A polynomial autoencoder beats PCA on transformer embeddings

3 days ago (ivanpleshkov.dev)

My understanding after scanning the code examples is the technique expands the dimensionality of each data point with a set consisting of the quadratic coefficients of its existing dimensions. I thought it sounded like kernel PCA.

I came here from a discussion about CS students who should not be bothered to set up email filters. How can they ever expect to be able to digest just the first paragraph in that article?

I'm just a casual LLM user, but your description of the anisotropy made me think about the recent work on KV cache quantization techniques such as TurboQuant where they apply a random rotation on each vector before quantizing, as I understood it precisely to make it more isotropic.

But for RAG that might be too much work per vector?

Author here — questions and pushback both welcome.

  • You should benchmark the retrieval speed of each method in terms of queries per second.

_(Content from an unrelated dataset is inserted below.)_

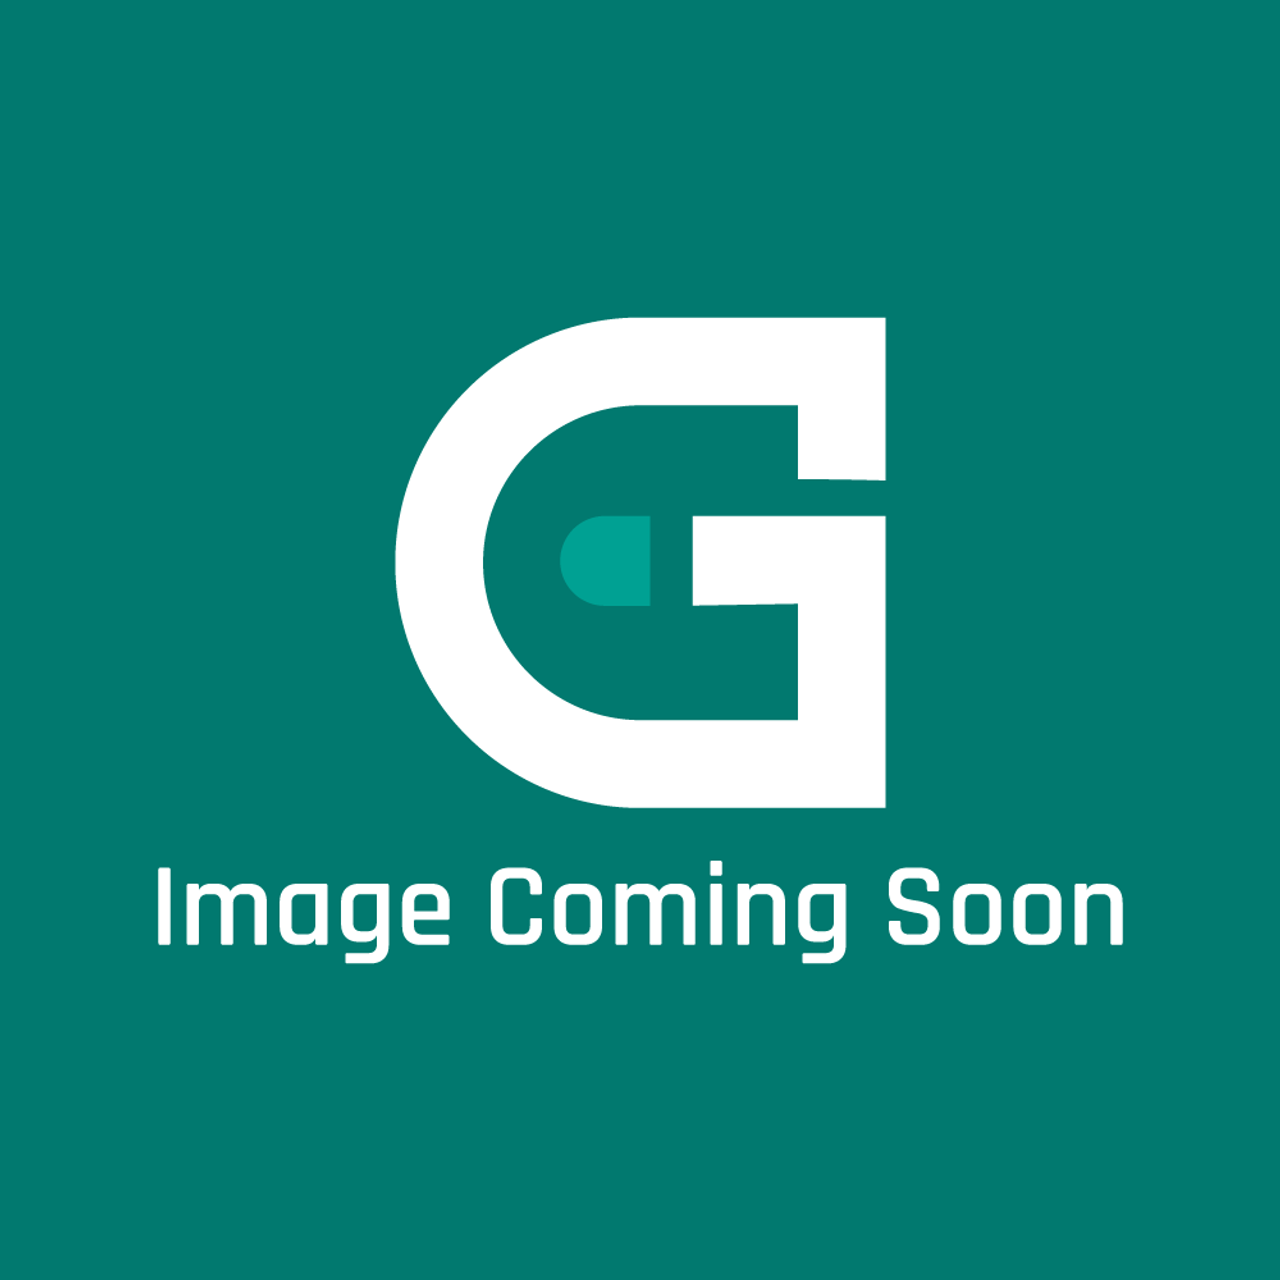 GE Appliances WB36X27741 - Backguard Range - Image Coming Soon!

I suspect that the gain in bandwidth you get from slightly better compression will be defeated by decompression being much more expensive.

  • In the article, you mention this approach requires no search over hyper-parameter, because the method comprises a closed-form solution with "simple" linear algebra. I agree with this, but do you not in think need to tune the L2-regularization strength? That would for me be a hyper-parameter you would need to do a CV over (or similarly).